Malcolm Davis Smith, Jr.

Malcolm Smith was born in Louisiana and moved to Oklahoma at the age of twelve.  He graduated high school from Marion Military Institute in Marion, Alabama.  He received a Bachelor of Science in Business Administration from Oklahoma State University.  He started law school at Oklahoma City University and went to night school, working during the day, first as a minute clerk for Oklahoma County District Court Judge Jack R. Parr and, later, as a legal intern for a law firm where the focus was insurance defense.  While at OCU, Malcolm was elected class representative to the school’s Student Bar Association.

Malcolm transferred to the University of Tulsa College of Law and received his Juris Doctor from there in 1981.  He worked in the Civil Division of the Legal Department of the City of Tulsa as a legal intern while in law school.  After graduating, he served as an Assistant City Prosecutor for the City of Tulsa.  Afterwards, he had a private general law practice in Ardmore, Oklahoma for five years.  While in Ardmore, among other things, Malcolm served as President of the Carter County Bar Association and as part time Municipal Judge for the nearby City of Healdton, Oklahoma.

Malcolm returned to Tulsa in 1989 to become a staff attorney for the Oklahoma State Insurance Fund, a quasi-state agency which provided workers’ compensation insurance for state agencies and private employers.  He left to become an associate in the workers’ compensation department of a Tulsa insurance defense firm and, after several years there, opened his own law office concentrating on the defense of workers’ compensation cases.  To enhance his knowledge of medical matters, Malcolm took classes in medical terminology and human anatomy and physiology at Tulsa Community College.

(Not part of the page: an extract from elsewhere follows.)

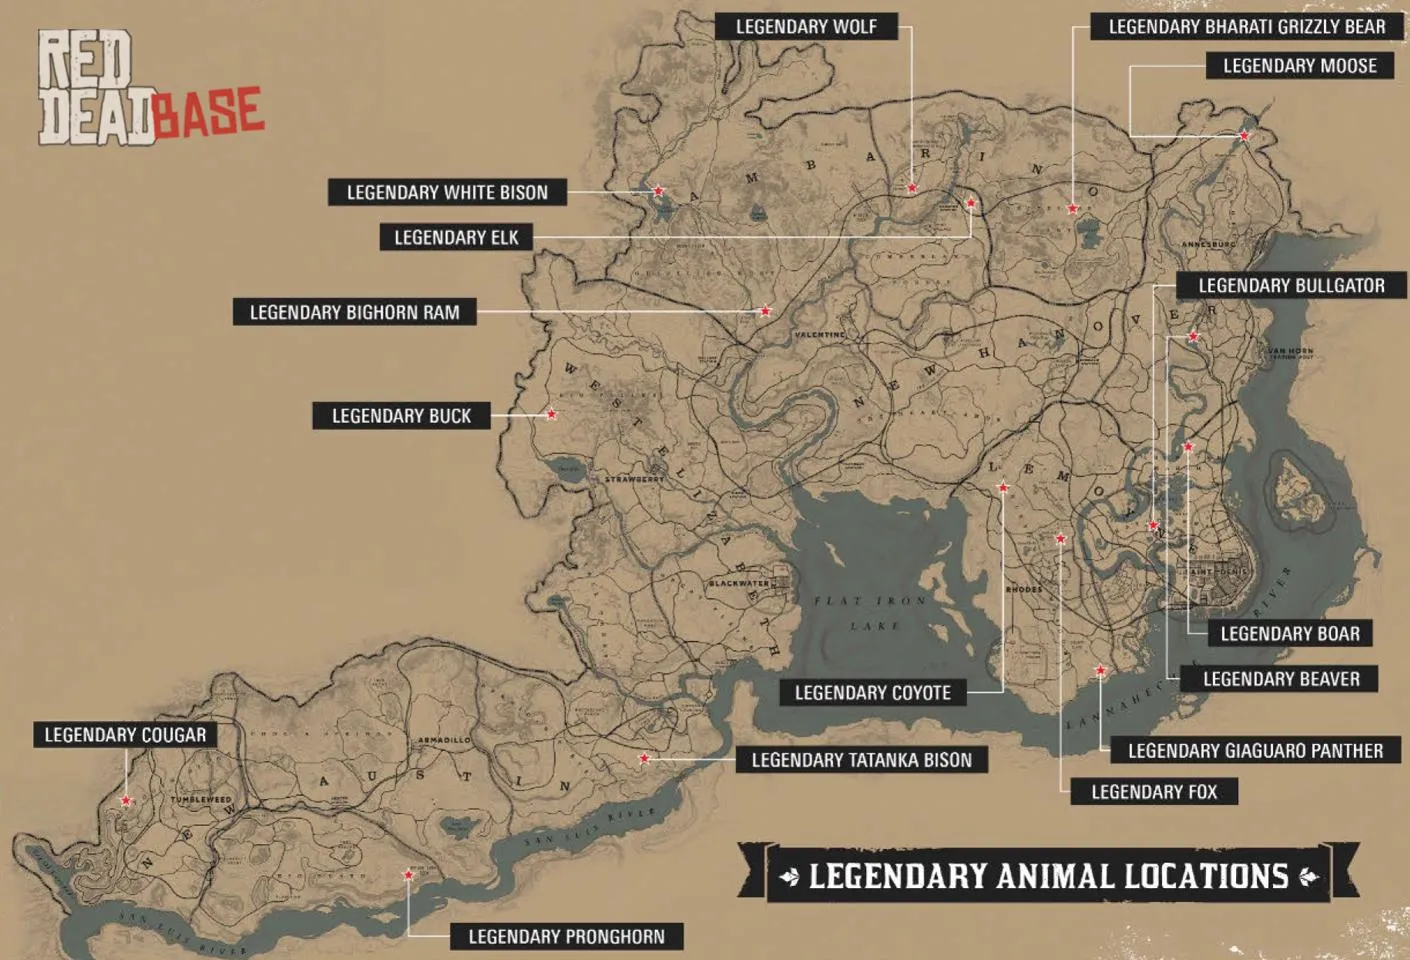 Legendary Beaver - Map Location in RDR2
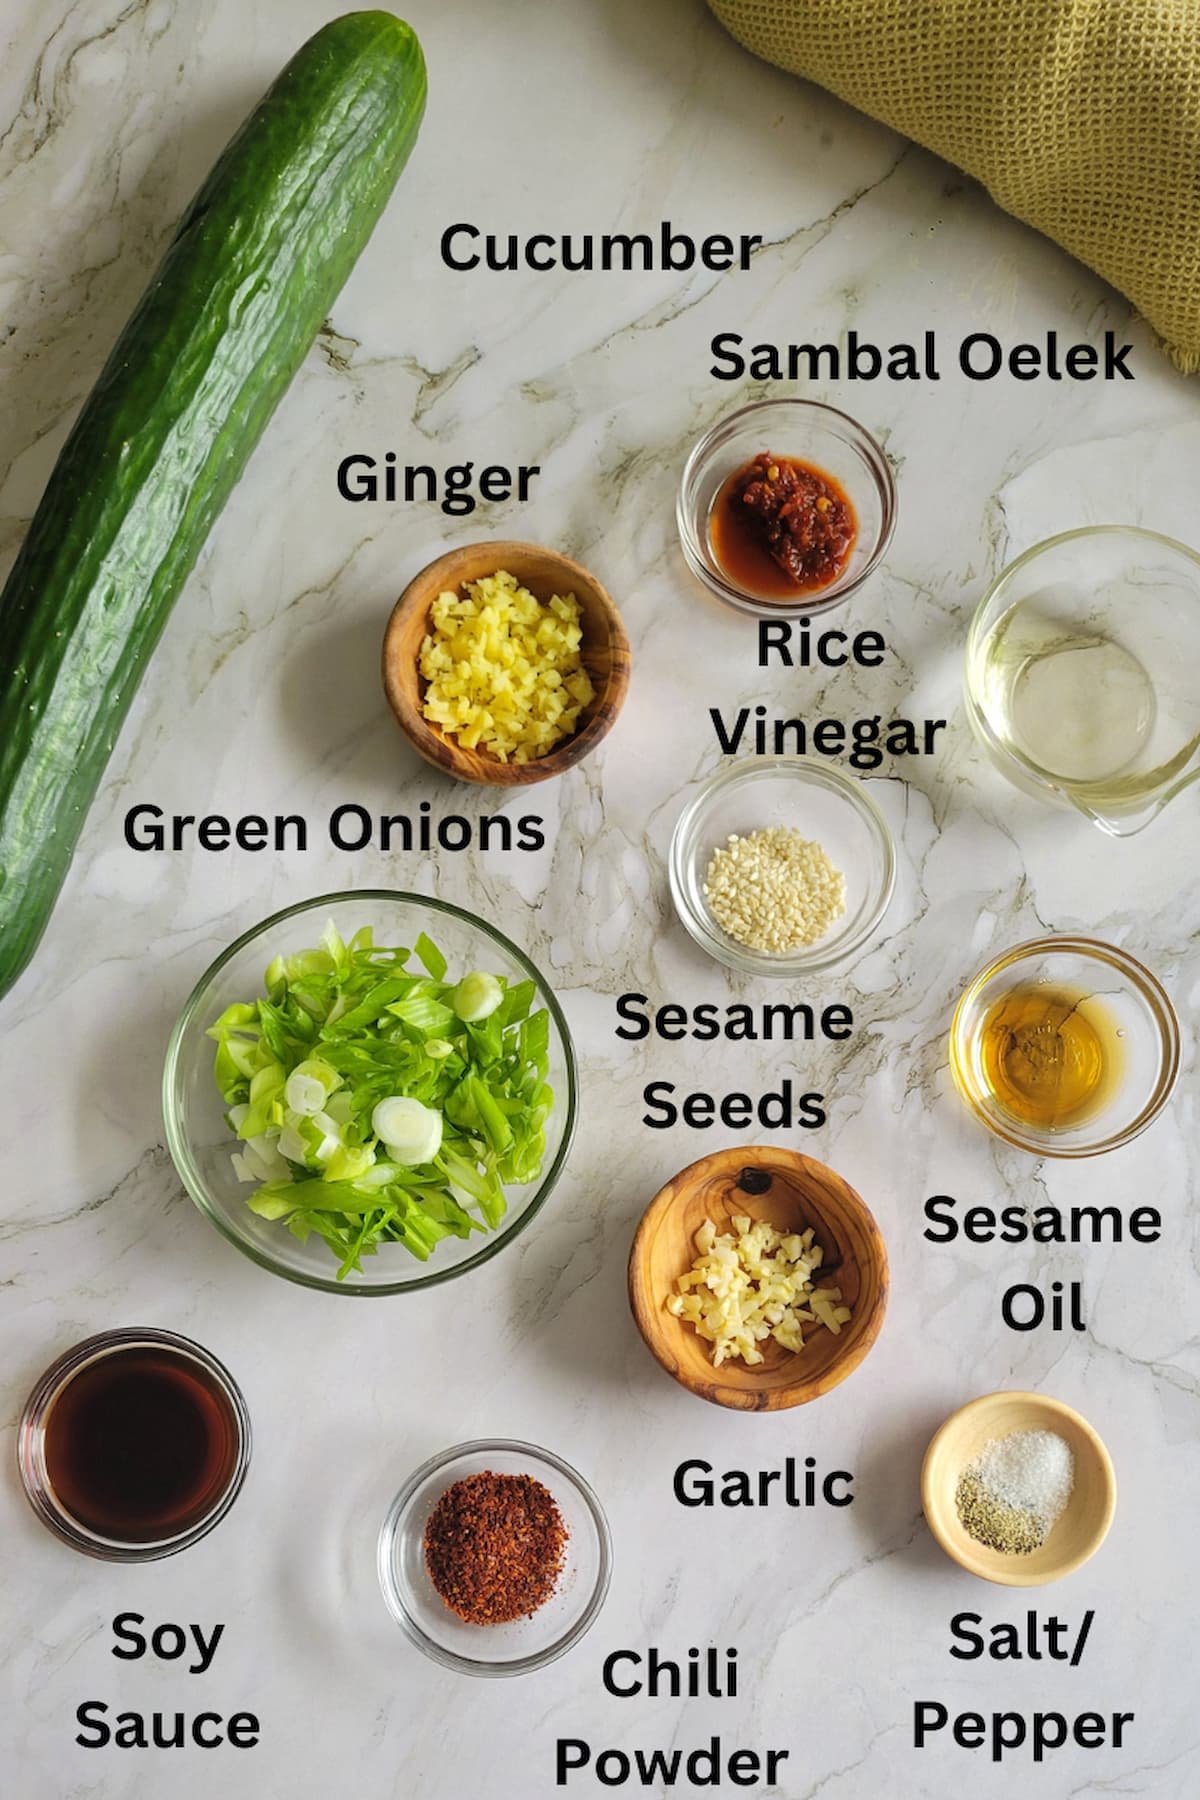 ingredients for asian cucumber salad - cucumber, garlic, ginger, sambal oelek, rice vinegar, sesame oil, sesame seeds, green onions, soy sauce, chili powder, salt/pepper

A veteran of hundreds of non-jury trials and 85 jury trials, Malcolm is also accomplished in appellate practice having won cases resulting in published opinions in all three of Oklahoma’s appellate courts, the Supreme Court, the Court of Criminal Appeals and the Court of Civil Appeals.

Malcolm has long participated in professional related activities.  In Ardmore he served as the county bar association’s Law Day chairman and the program he organized won the Hicks Epton Award for best program in the state.  He also served as Carter County Bar Association delegate to the state bar’s annual meeting.  He has served as secretary-treasurer of the Tulsa County Bar Association Workers’ Compensation Section Committee.  He has served on several county bar association committees, including the Fee Arbitration Committee and Bar Foundation’s Golf Tournament Committee.  In 2016 Malcolm attended the annual convention of the International Association of Workers’ Compensation Boards and Commissions in Portland, Maine to keep abreast of current events in the area of workers’ compensation from around the country.

Away from the profession, Malcolm has served his community in a number of capacities including as his church’s moderator of the board of deacons, Sunday school teacher and men’s softball team coach.  He is a member of the Kiwanis Club of Tulsa and has served in various capacities as a volunteer for the Miss Oklahoma Pageant, including as a local pageant judge.  Malcolm joined Alliance Francaise de Tulsa while he was taking classes at Tulsa Community College.  He attained enough credits to receive a certificate in French.  He has traveled to France six times.  He has also had classes in German, Italian and Spanish.  During Malcolm’s seven year tenure on the board of directors for Tulsa Global Alliance he hosted international visitors, served as chairman of the Toast the Host Committee and twice attended the annual meeting of the International Visitors Program in Washington, D.C.